About this exercise -> The entries that follow need to be printed exactly as they are, minus any pictures.

The records: Begin

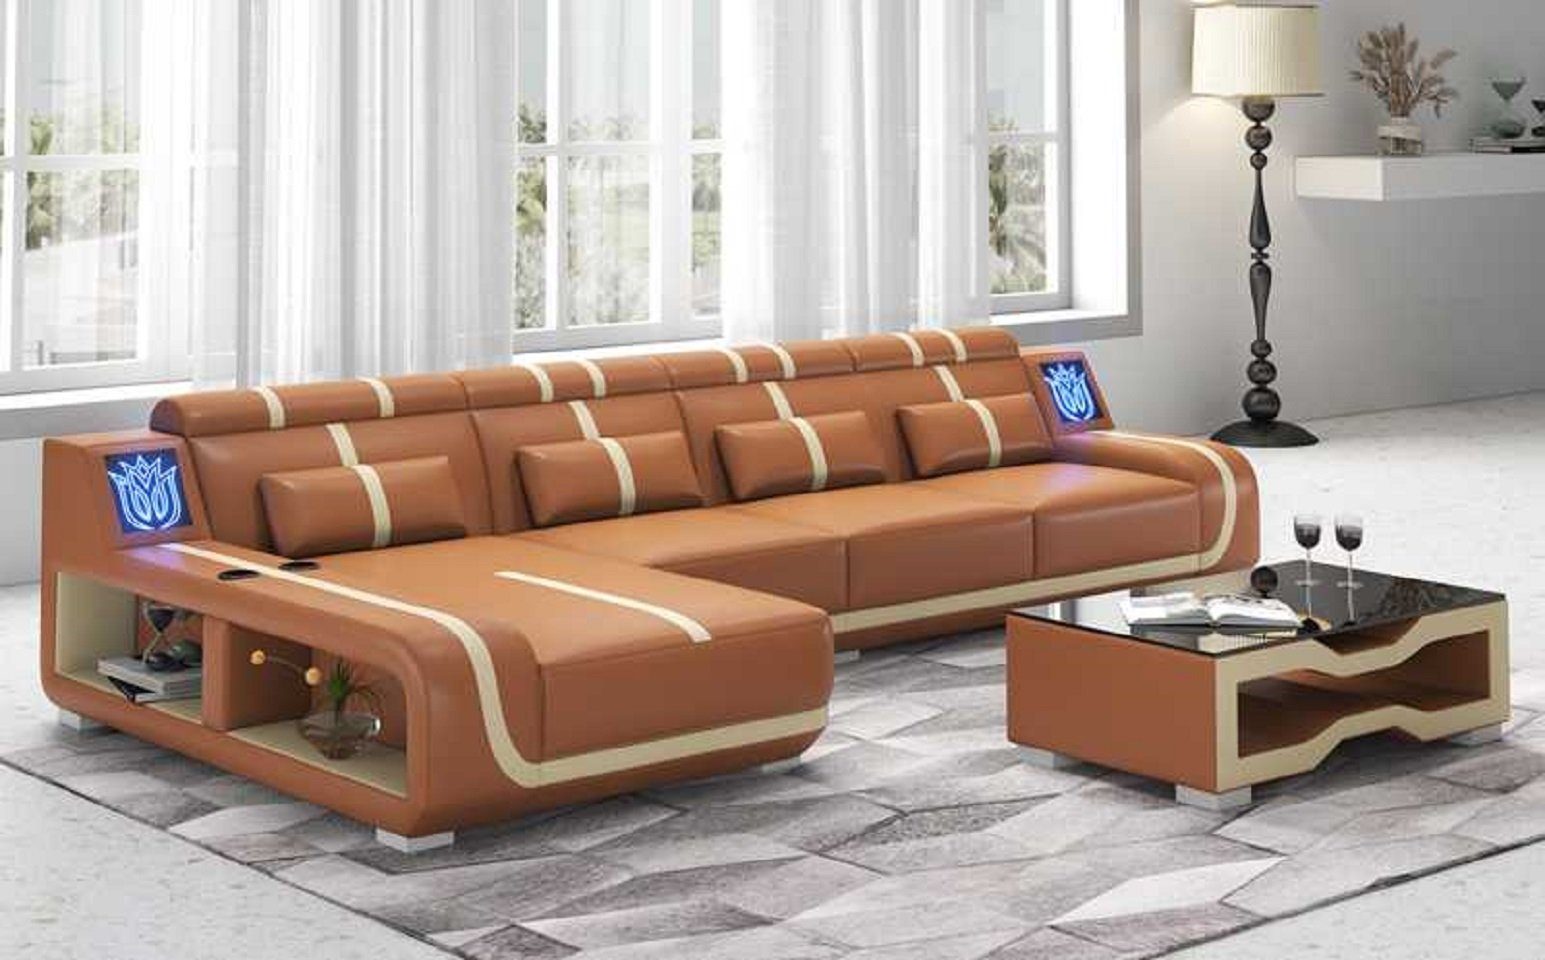 JVmoebel Ecksofa Design Ecksofa Couch L Form Liege Modern Sofa couchen, 3 Teile, Made in Europe Braun
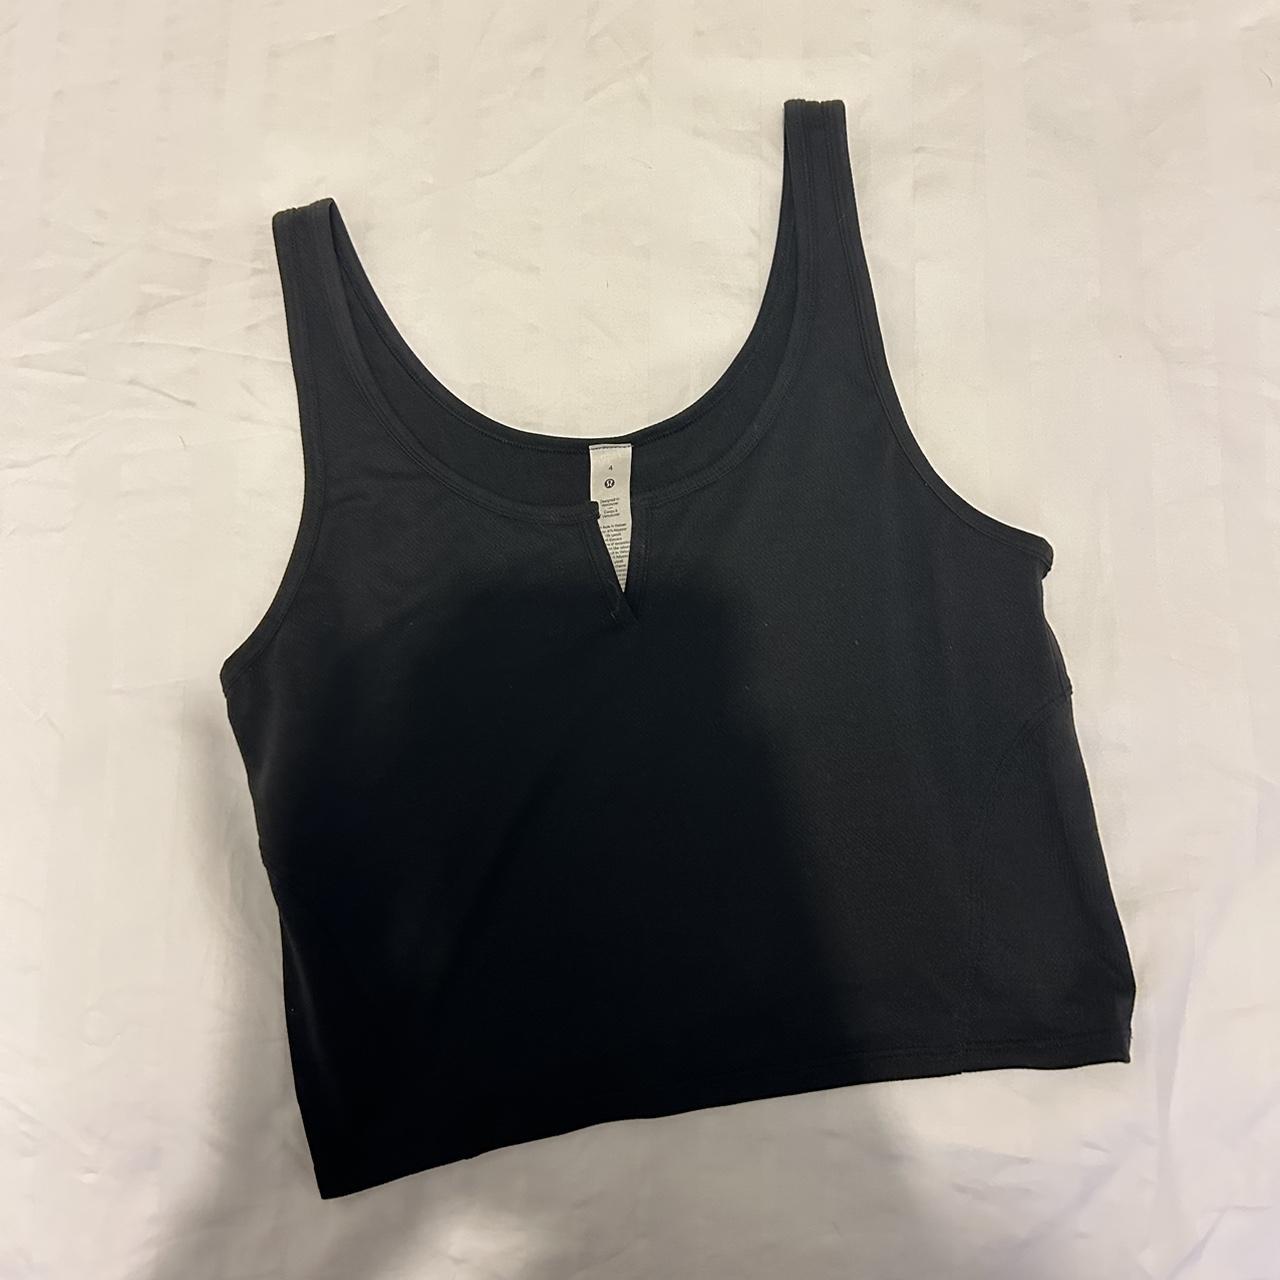 Lululemon black cropped workout top / vest Size US... - Depop
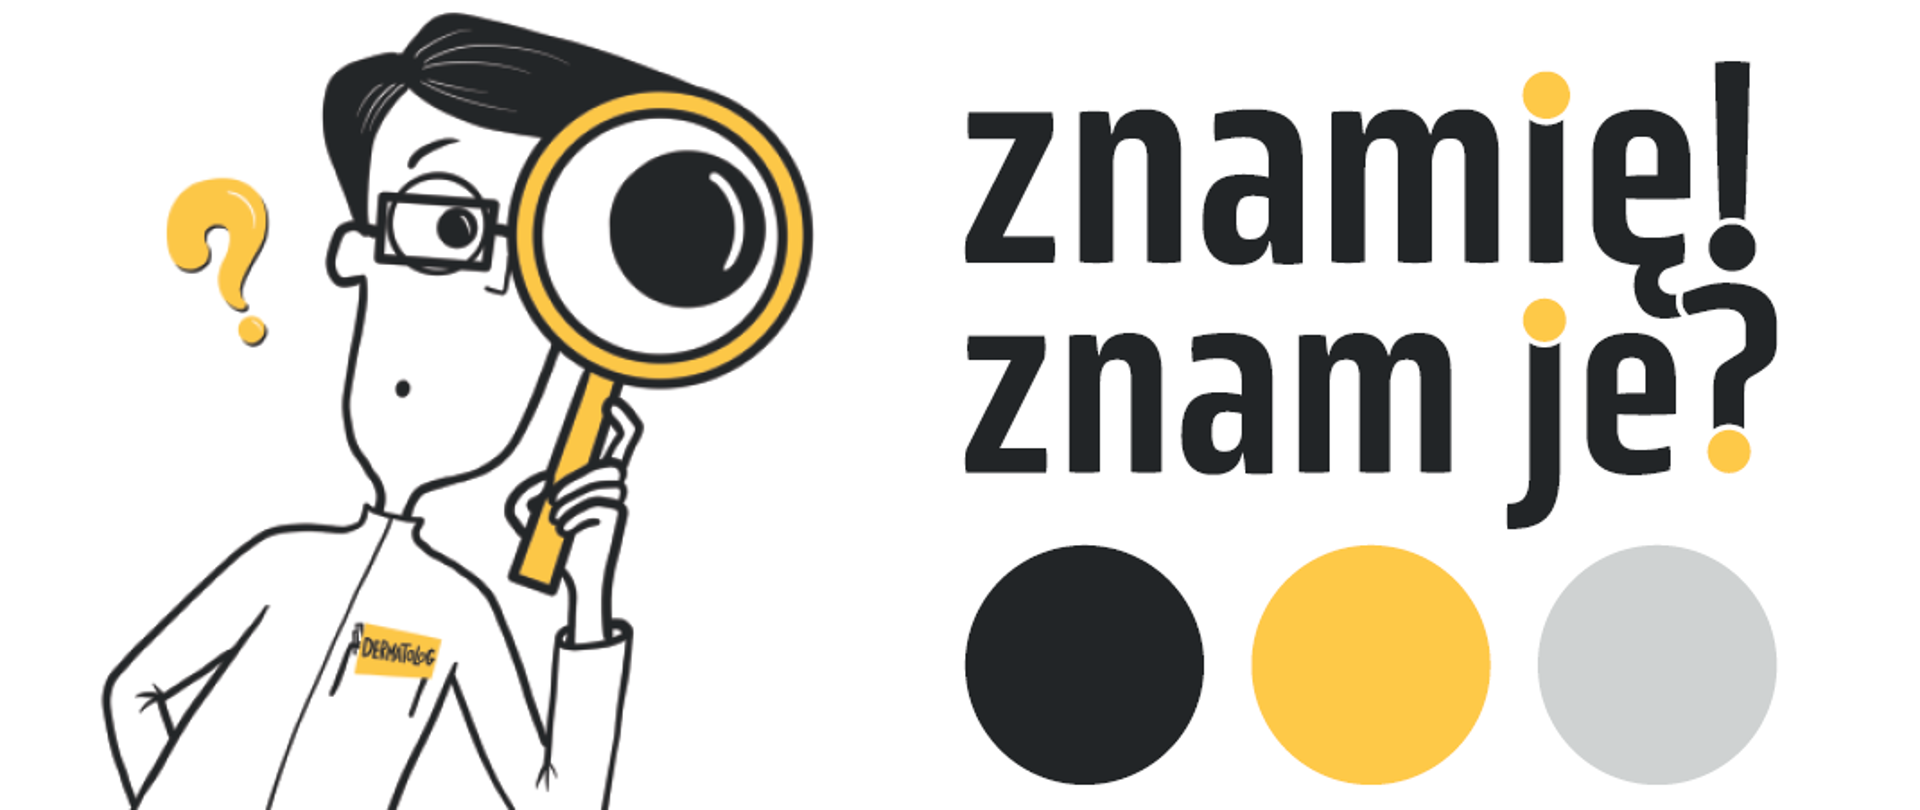 logo programu edukacyjnego: czarny napis ,,znamię! znam je?" oraz trzy kropki: czarna, żółta szara
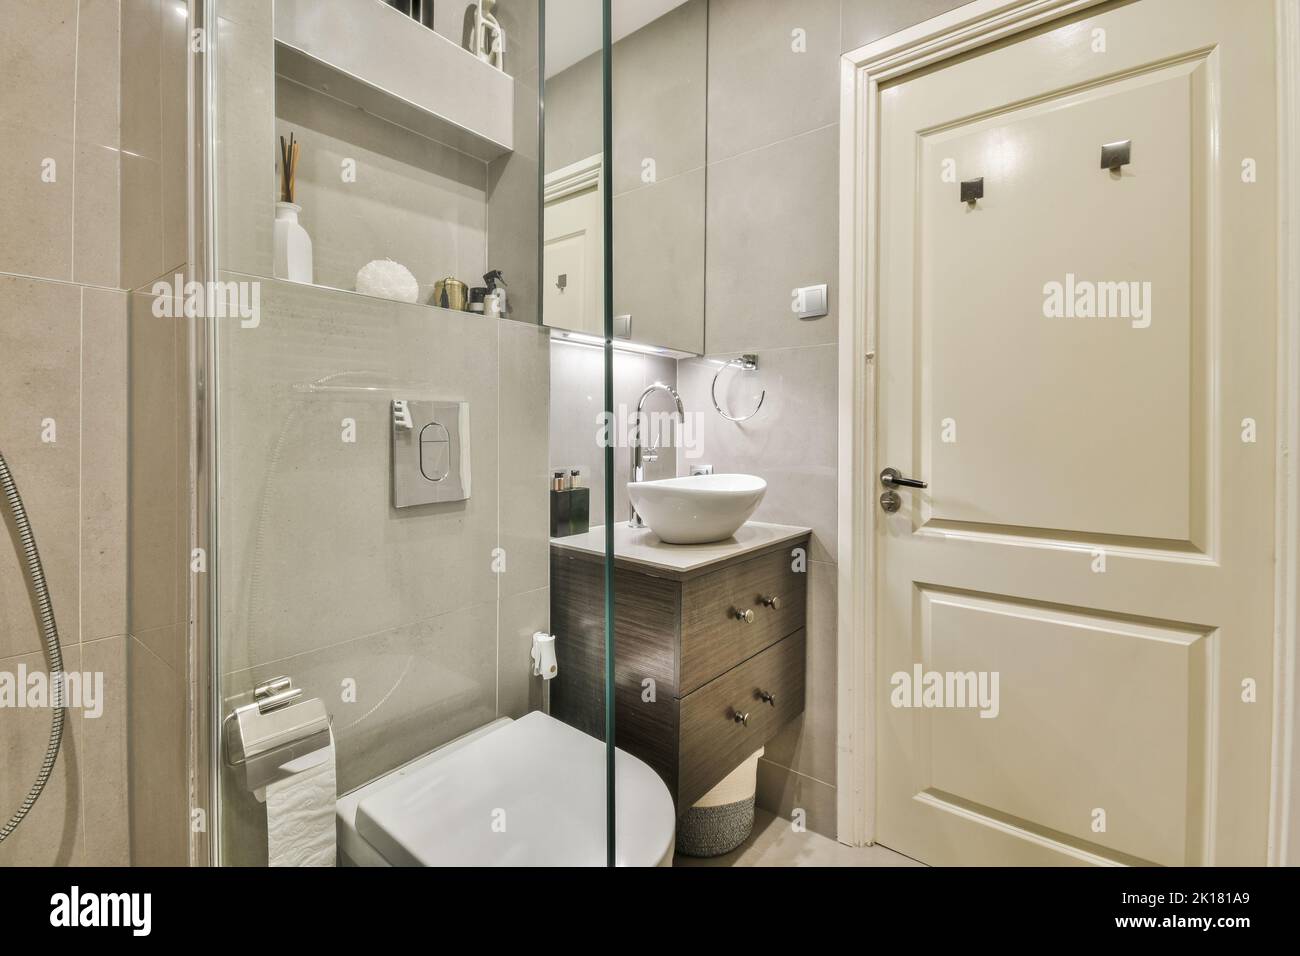 Cloison en verre entre le robinet de douche et les toilettes murales dans les toilettes modernes de la maison Banque D'Images
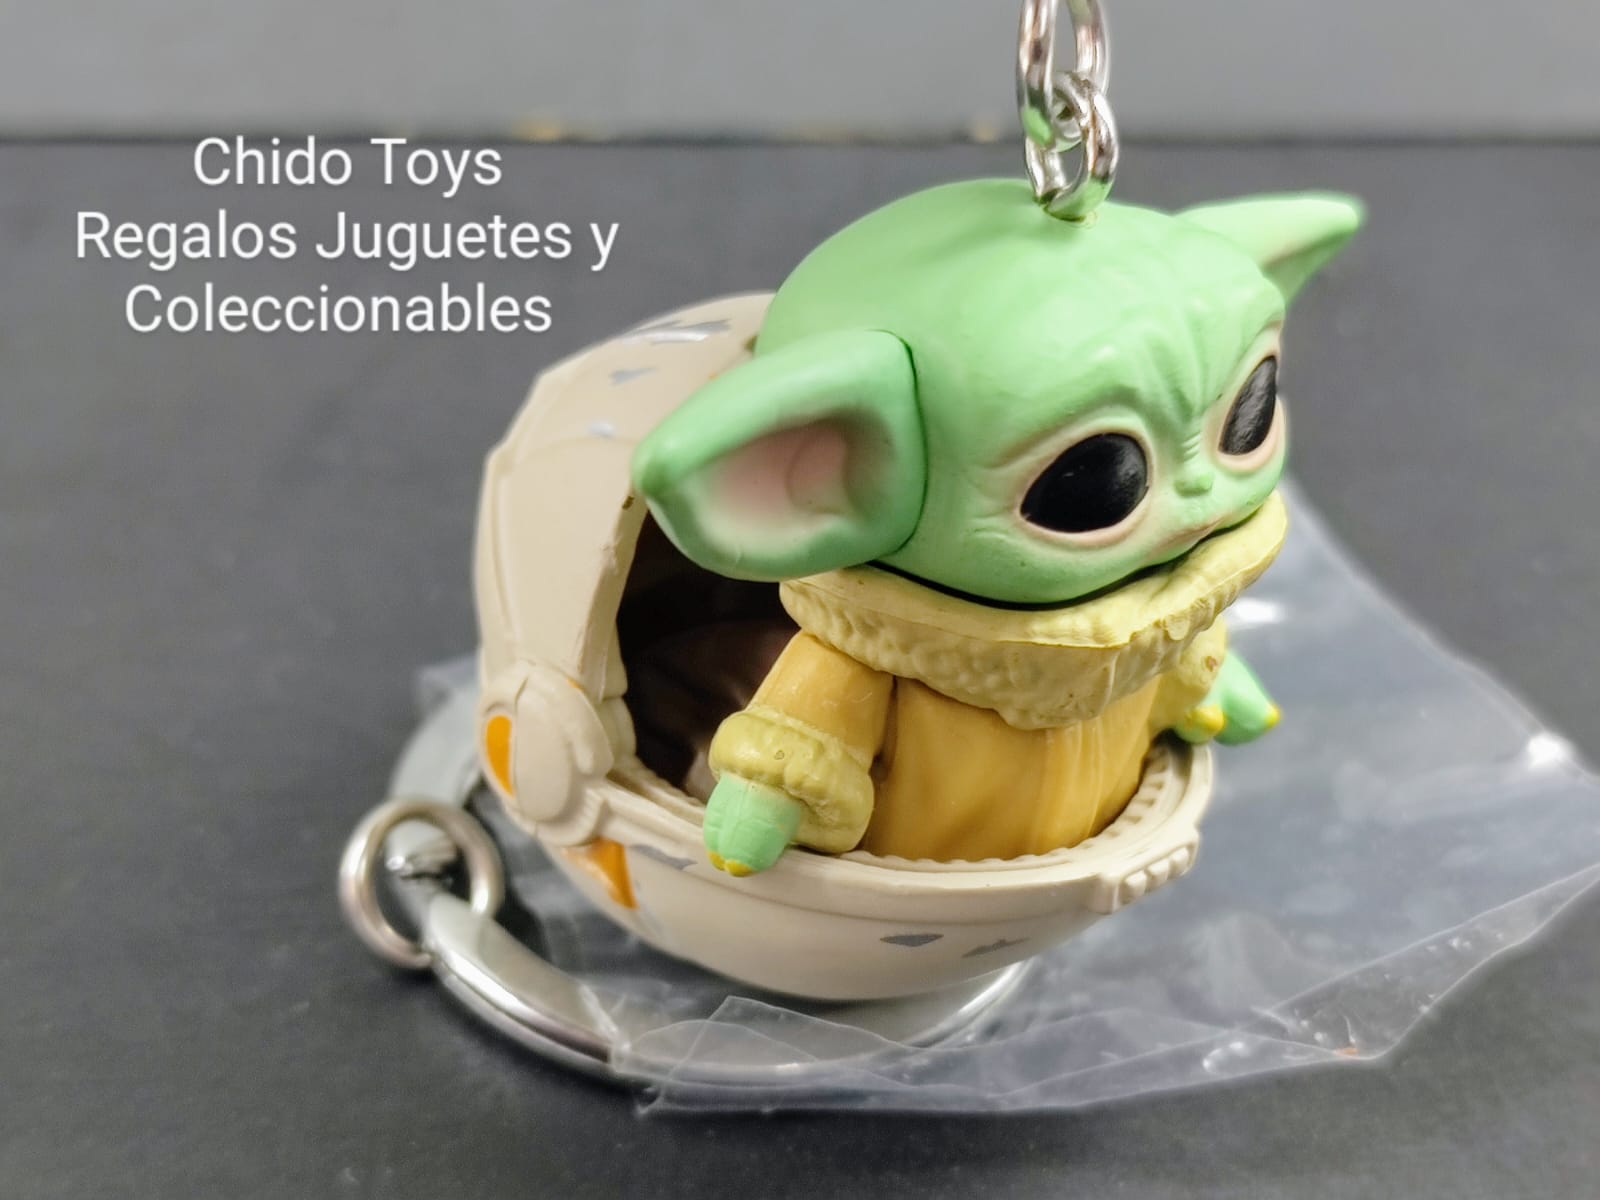 Llavero Funko, modelo the Child edad 3+ - Chido Toys
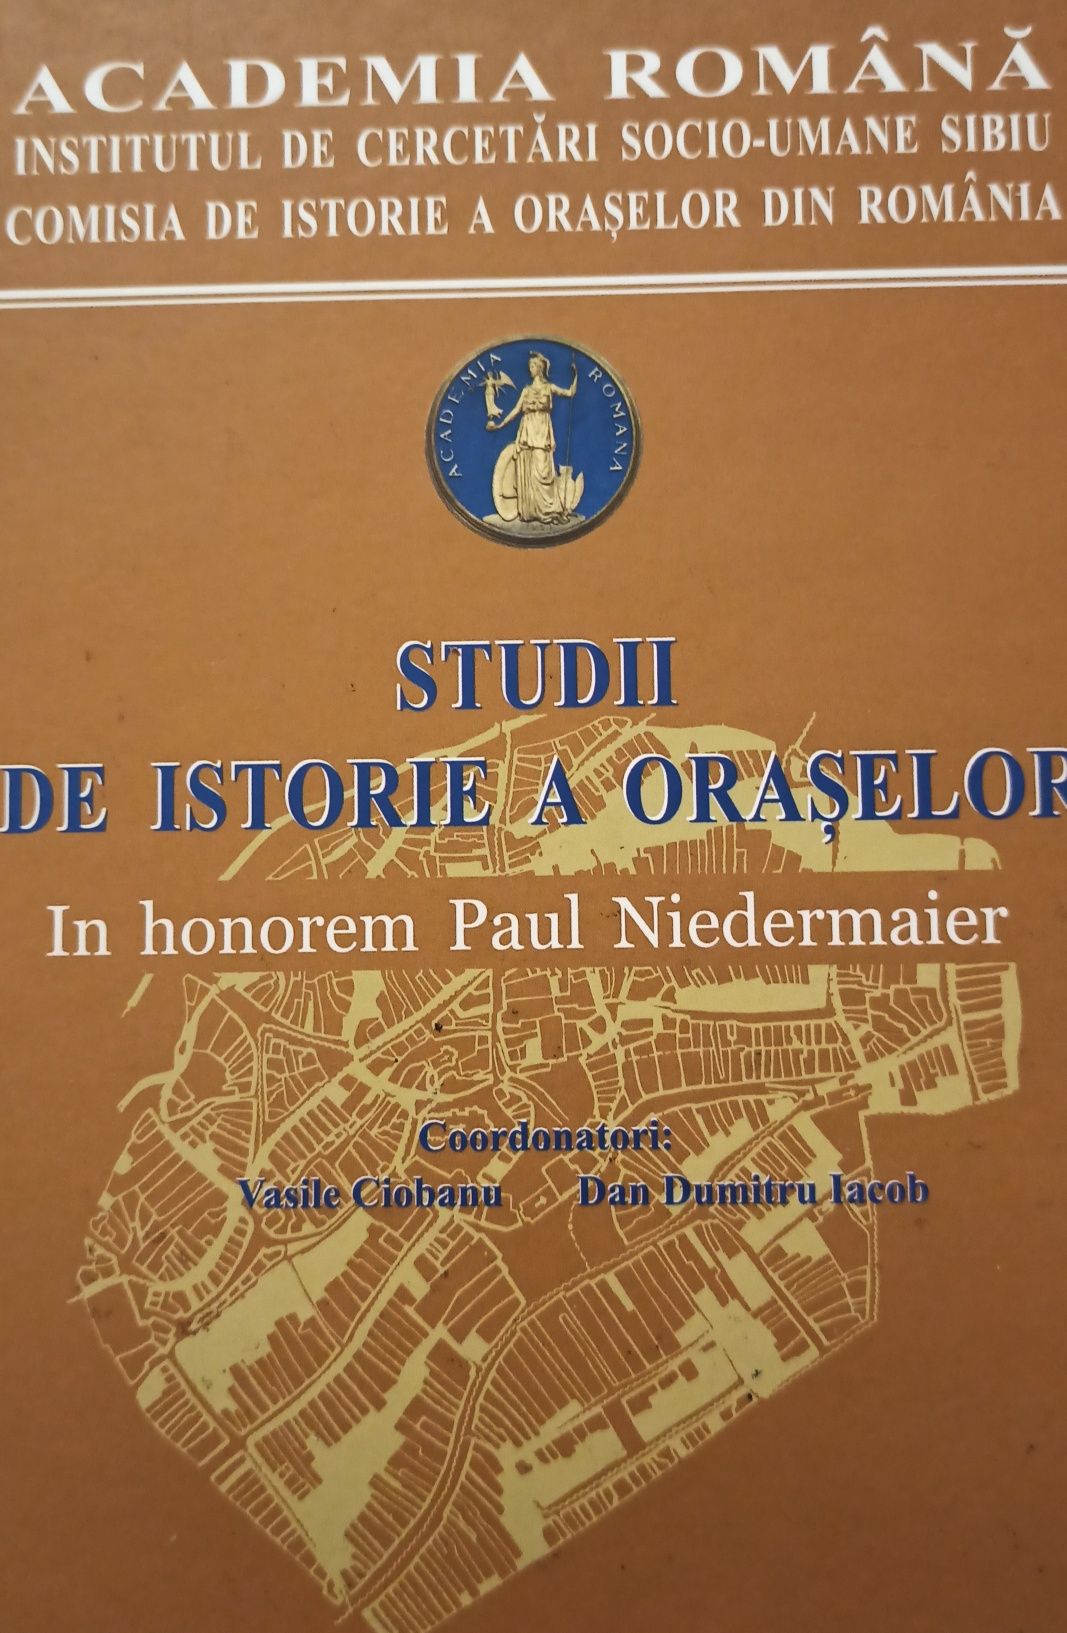 Studii de istorie a oraselor- Paul Niedermaier

The records: End

Reply ->
 JVmoebel Ecksofa Design Ecksofa Couch L Form Liege Modern Sofa couchen, 3 Teile, Made in Europe Braun
 Lululemon black cropped workout top / vest Size US... - Depop
 logo programu edukacyjnego: czarny napis ,,znamię! znam je?" oraz trzy kropki: czarna, żółta szara
 Cloison en verre entre le robinet de douche et les toilettes murales dans les toilettes modernes de la maison Banque D'Images
 Llavero Funko, modelo the Child edad 3+ - Chido Toys
 Studii de istorie a oraselor- Paul Niedermaier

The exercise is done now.